▶ _Exercise objective_: Reproduce the entries exactly.

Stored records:
* * * * * * * * *

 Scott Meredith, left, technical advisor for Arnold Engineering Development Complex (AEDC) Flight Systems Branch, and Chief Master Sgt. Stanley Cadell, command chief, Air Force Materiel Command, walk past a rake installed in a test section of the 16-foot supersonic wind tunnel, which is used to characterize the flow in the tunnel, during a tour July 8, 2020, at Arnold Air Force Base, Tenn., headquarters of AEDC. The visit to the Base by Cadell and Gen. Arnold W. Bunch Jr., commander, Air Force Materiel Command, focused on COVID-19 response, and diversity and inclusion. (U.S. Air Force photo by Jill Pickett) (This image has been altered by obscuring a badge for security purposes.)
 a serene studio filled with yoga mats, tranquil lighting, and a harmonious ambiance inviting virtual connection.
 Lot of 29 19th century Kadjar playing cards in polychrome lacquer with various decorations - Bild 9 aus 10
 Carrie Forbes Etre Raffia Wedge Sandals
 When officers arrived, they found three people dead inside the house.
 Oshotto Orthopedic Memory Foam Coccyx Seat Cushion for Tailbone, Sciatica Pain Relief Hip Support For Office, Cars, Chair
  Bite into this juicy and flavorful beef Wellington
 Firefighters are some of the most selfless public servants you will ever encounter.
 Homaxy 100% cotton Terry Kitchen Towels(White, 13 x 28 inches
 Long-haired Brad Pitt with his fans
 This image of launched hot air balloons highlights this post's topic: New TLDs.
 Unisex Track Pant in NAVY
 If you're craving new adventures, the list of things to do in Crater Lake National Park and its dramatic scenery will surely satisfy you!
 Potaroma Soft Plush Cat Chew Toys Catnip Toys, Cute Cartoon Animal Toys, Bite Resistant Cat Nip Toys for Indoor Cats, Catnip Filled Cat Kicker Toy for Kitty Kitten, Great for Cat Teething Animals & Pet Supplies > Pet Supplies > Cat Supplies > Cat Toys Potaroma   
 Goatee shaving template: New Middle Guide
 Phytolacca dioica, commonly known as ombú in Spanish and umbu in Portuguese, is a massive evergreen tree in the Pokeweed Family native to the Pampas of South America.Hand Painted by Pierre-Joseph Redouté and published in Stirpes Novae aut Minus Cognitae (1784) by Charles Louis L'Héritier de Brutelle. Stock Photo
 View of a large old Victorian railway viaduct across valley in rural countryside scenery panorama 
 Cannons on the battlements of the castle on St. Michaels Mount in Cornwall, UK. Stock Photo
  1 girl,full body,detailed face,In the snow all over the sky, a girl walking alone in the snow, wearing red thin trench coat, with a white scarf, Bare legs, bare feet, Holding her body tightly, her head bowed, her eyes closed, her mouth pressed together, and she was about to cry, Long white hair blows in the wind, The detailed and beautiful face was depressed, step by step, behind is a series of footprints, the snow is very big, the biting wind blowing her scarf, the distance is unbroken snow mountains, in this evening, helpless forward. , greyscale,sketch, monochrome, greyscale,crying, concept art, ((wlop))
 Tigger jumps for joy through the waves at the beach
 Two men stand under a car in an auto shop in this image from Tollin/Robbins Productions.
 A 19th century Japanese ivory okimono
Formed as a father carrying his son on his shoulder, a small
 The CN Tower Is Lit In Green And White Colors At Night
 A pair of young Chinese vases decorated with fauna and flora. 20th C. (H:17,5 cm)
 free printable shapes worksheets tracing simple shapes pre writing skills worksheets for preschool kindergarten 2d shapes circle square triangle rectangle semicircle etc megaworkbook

* * * * * * * * *

▶ _Task output_:
 Scott Meredith, left, technical advisor for Arnold Engineering Development Complex (AEDC) Flight Systems Branch, and Chief Master Sgt. Stanley Cadell, command chief, Air Force Materiel Command, walk past a rake installed in a test section of the 16-foot supersonic wind tunnel, which is used to characterize the flow in the tunnel, during a tour July 8, 2020, at Arnold Air Force Base, Tenn., headquarters of AEDC. The visit to the Base by Cadell and Gen. Arnold W. Bunch Jr., commander, Air Force Materiel Command, focused on COVID-19 response, and diversity and inclusion. (U.S. Air Force photo by Jill Pickett) (This image has been altered by obscuring a badge for security purposes.)
 a serene studio filled with yoga mats, tranquil lighting, and a harmonious ambiance inviting virtual connection.
 Lot of 29 19th century Kadjar playing cards in polychrome lacquer with various decorations - Bild 9 aus 10
 Carrie Forbes Etre Raffia Wedge Sandals
 When officers arrived, they found three people dead inside the house.
 Oshotto Orthopedic Memory Foam Coccyx Seat Cushion for Tailbone, Sciatica Pain Relief Hip Support For Office, Cars, Chair
  Bite into this juicy and flavorful beef Wellington
 Firefighters are some of the most selfless public servants you will ever encounter.
 Homaxy 100% cotton Terry Kitchen Towels(White, 13 x 28 inches
 Long-haired Brad Pitt with his fans
 This image of launched hot air balloons highlights this post's topic: New TLDs.
 Unisex Track Pant in NAVY
 If you're craving new adventures, the list of things to do in Crater Lake National Park and its dramatic scenery will surely satisfy you!
 Potaroma Soft Plush Cat Chew Toys Catnip Toys, Cute Cartoon Animal Toys, Bite Resistant Cat Nip Toys for Indoor Cats, Catnip Filled Cat Kicker Toy for Kitty Kitten, Great for Cat Teething Animals & Pet Supplies > Pet Supplies > Cat Supplies > Cat Toys Potaroma   
 Goatee shaving template: New Middle Guide
 Phytolacca dioica, commonly known as ombú in Spanish and umbu in Portuguese, is a massive evergreen tree in the Pokeweed Family native to the Pampas of South America.Hand Painted by Pierre-Joseph Redouté and published in Stirpes Novae aut Minus Cognitae (1784) by Charles Louis L'Héritier de Brutelle. Stock Photo
 View of a large old Victorian railway viaduct across valley in rural countryside scenery panorama 
 Cannons on the battlements of the castle on St. Michaels Mount in Cornwall, UK. Stock Photo
  1 girl,full body,detailed face,In the snow all over the sky, a girl walking alone in the snow, wearing red thin trench coat, with a white scarf, Bare legs, bare feet, Holding her body tightly, her head bowed, her eyes closed, her mouth pressed together, and she was about to cry, Long white hair blows in the wind, The detailed and beautiful face was depressed, step by step, behind is a series of footprints, the snow is very big, the biting wind blowing her scarf, the distance is unbroken snow mountains, in this evening, helpless forward. , greyscale,sketch, monochrome, greyscale,crying, concept art, ((wlop))
 Tigger jumps for joy through the waves at the beach
 Two men stand under a car in an auto shop in this image from Tollin/Robbins Productions.
 A 19th century Japanese ivory okimono
Formed as a father carrying his son on his shoulder, a small
 The CN Tower Is Lit In Green And White Colors At Night
 A pair of young Chinese vases decorated with fauna and flora. 20th C. (H:17,5 cm)
 free printable shapes worksheets tracing simple shapes pre writing skills worksheets for preschool kindergarten 2d shapes circle square triangle rectangle semicircle etc megaworkbook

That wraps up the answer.